**What this task involves**
Print the listing below exactly, images excluded.

**Data provided**
Start of Block

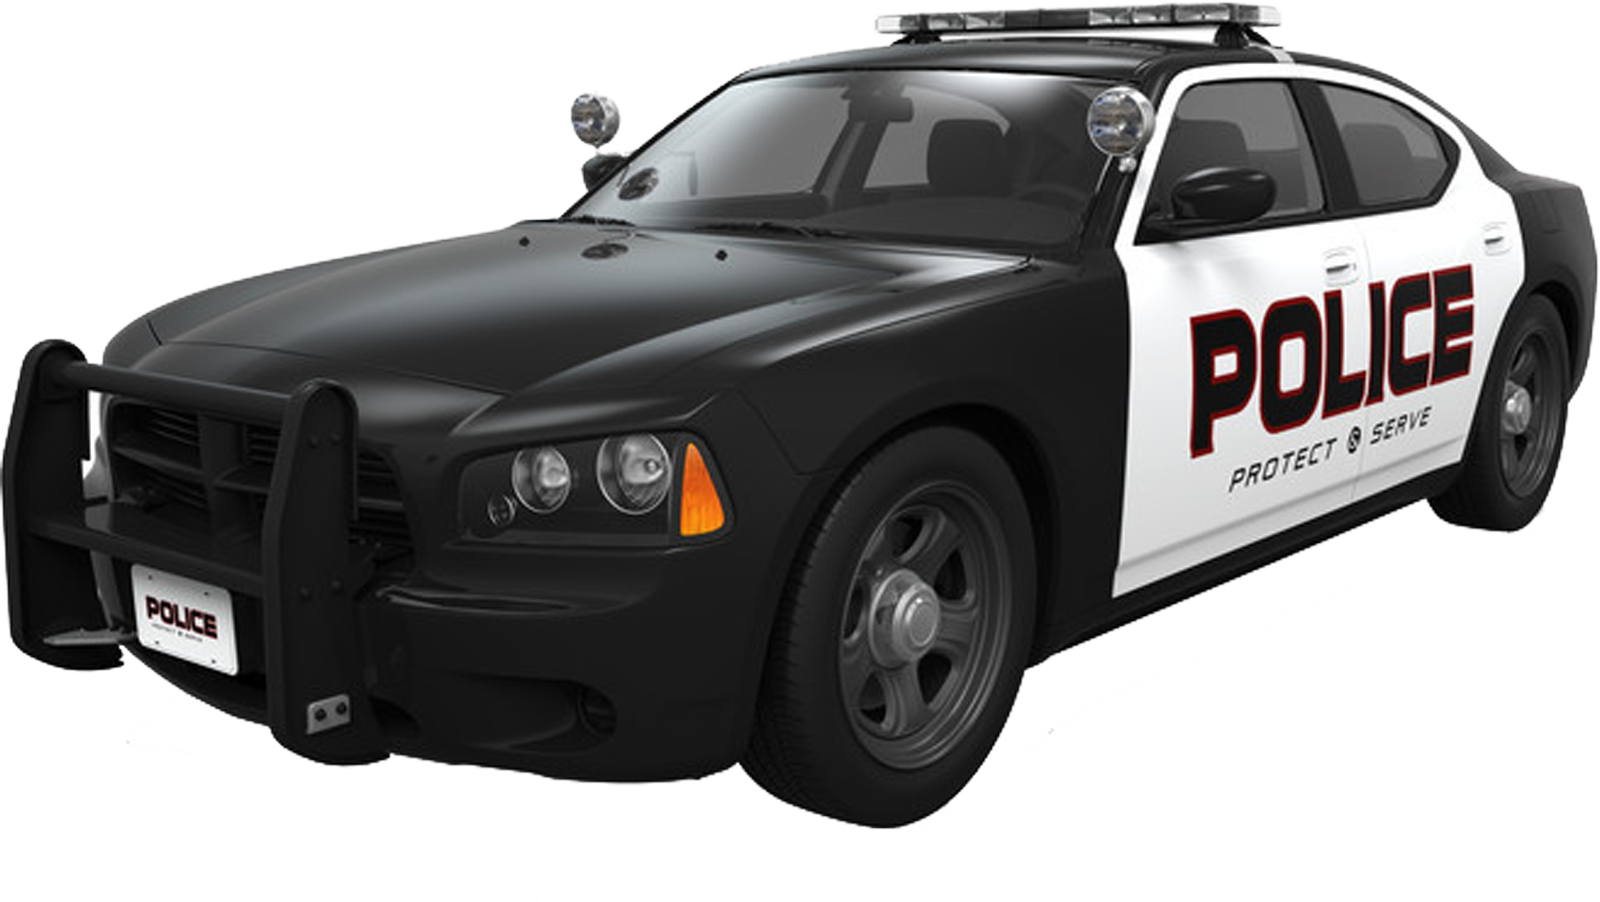 police officer car
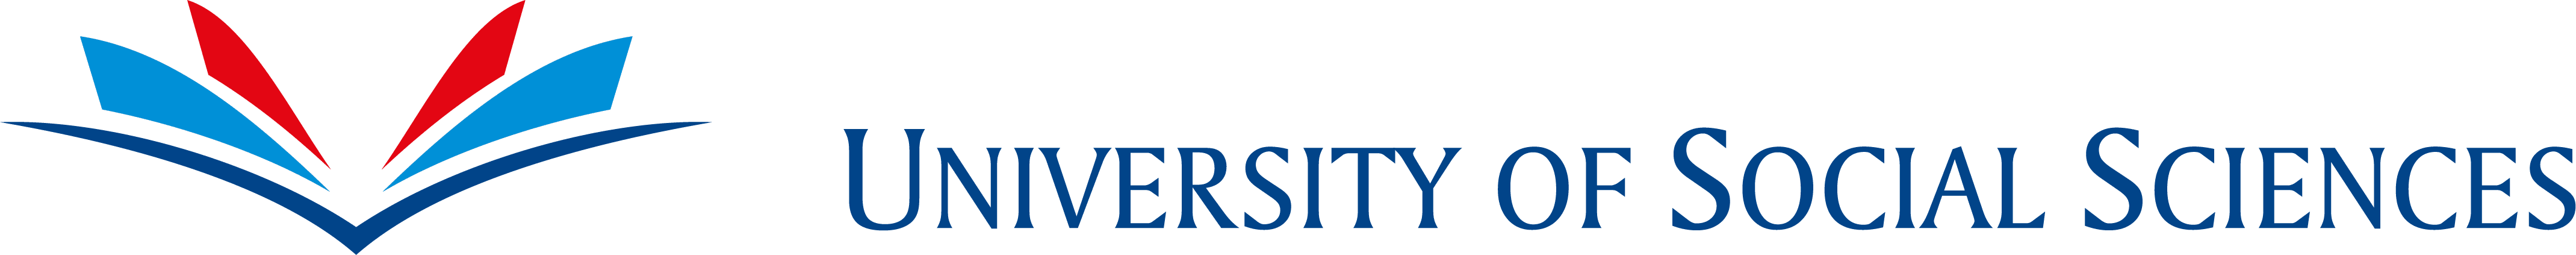 News - University of Social Sciences - University of Social Sciences - University of SAN
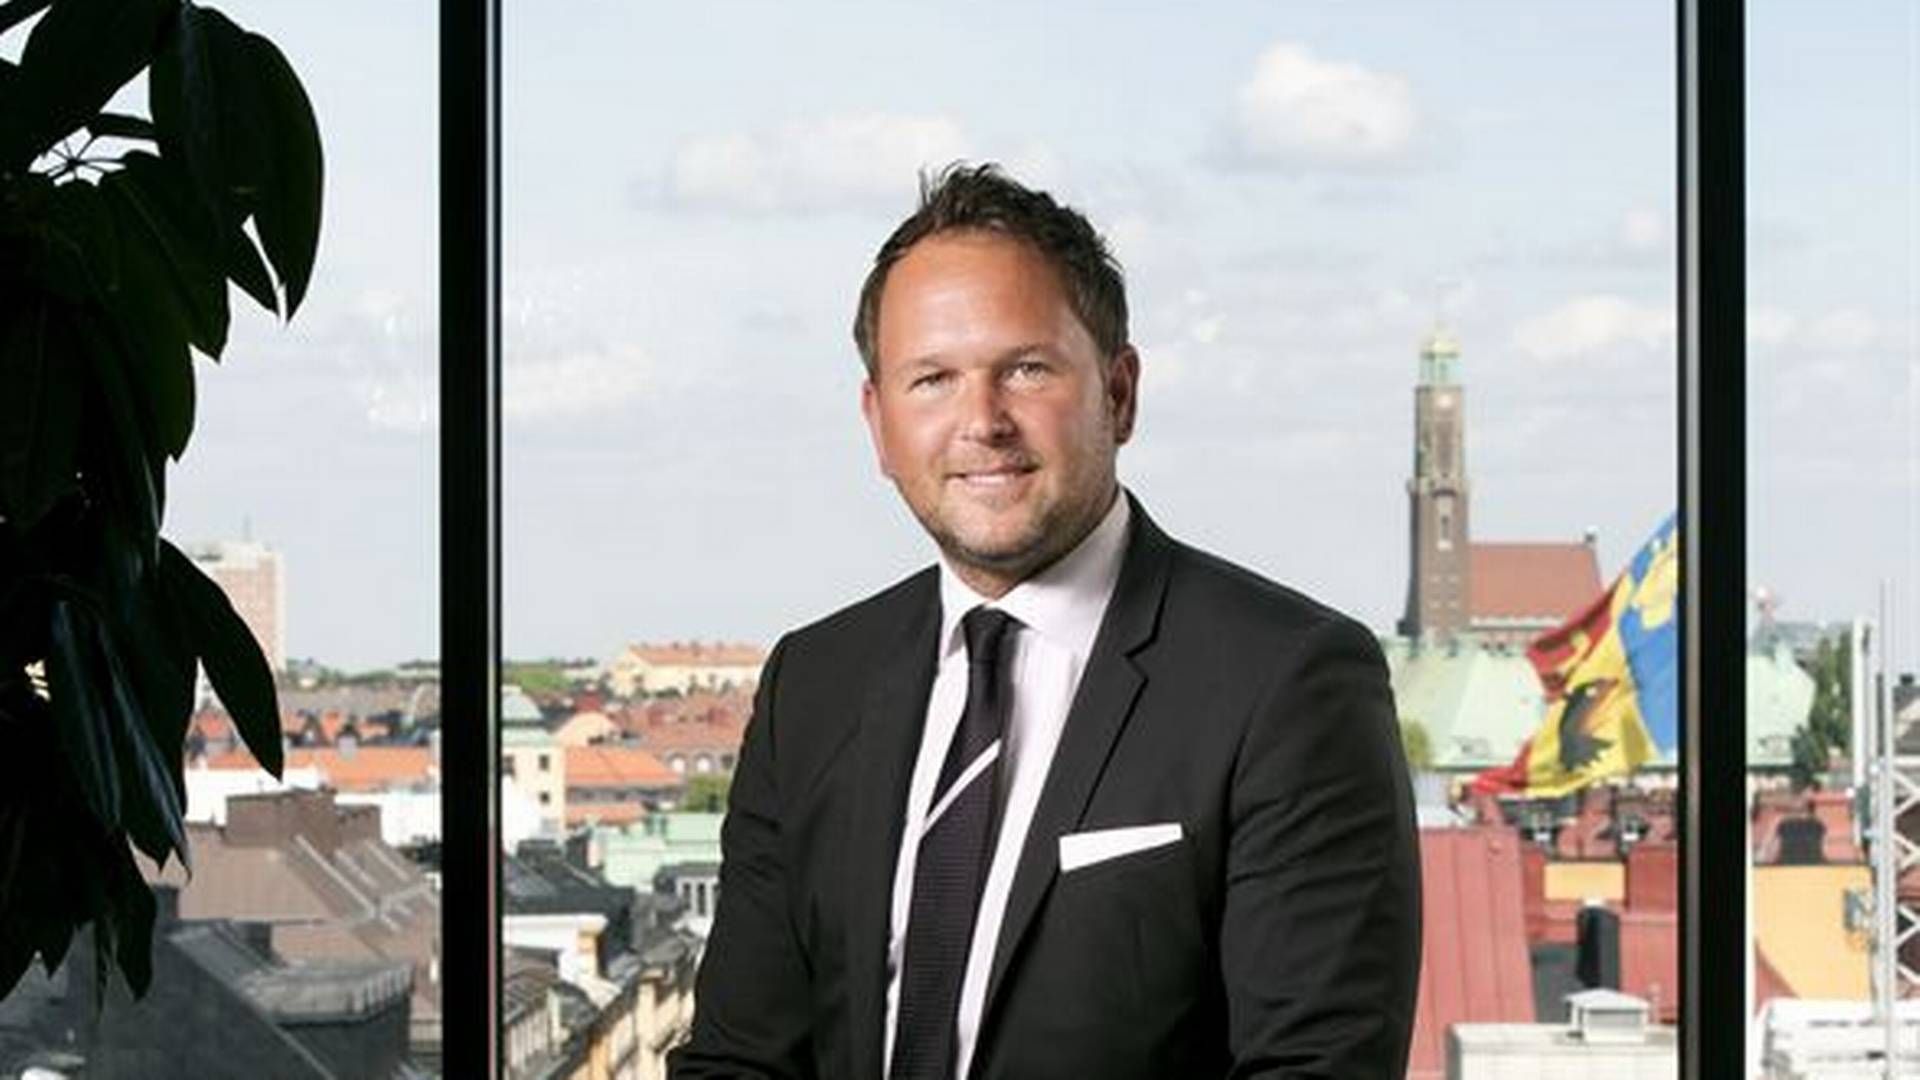 Jonas Ingerdal Predikaka is one of five former Carnegie employees who is setting up private banking at ABG. | Photo: Rickard Kilström / Carnegie / Pr

End of Block

**Solution to this exercise**
 police officer car
 News - University of Social Sciences - University of Social Sciences - University of SAN
 Jonas Ingerdal Predikaka is one of five former Carnegie employees who is setting up private banking at ABG. | Photo: Rickard Kilström / Carnegie / Pr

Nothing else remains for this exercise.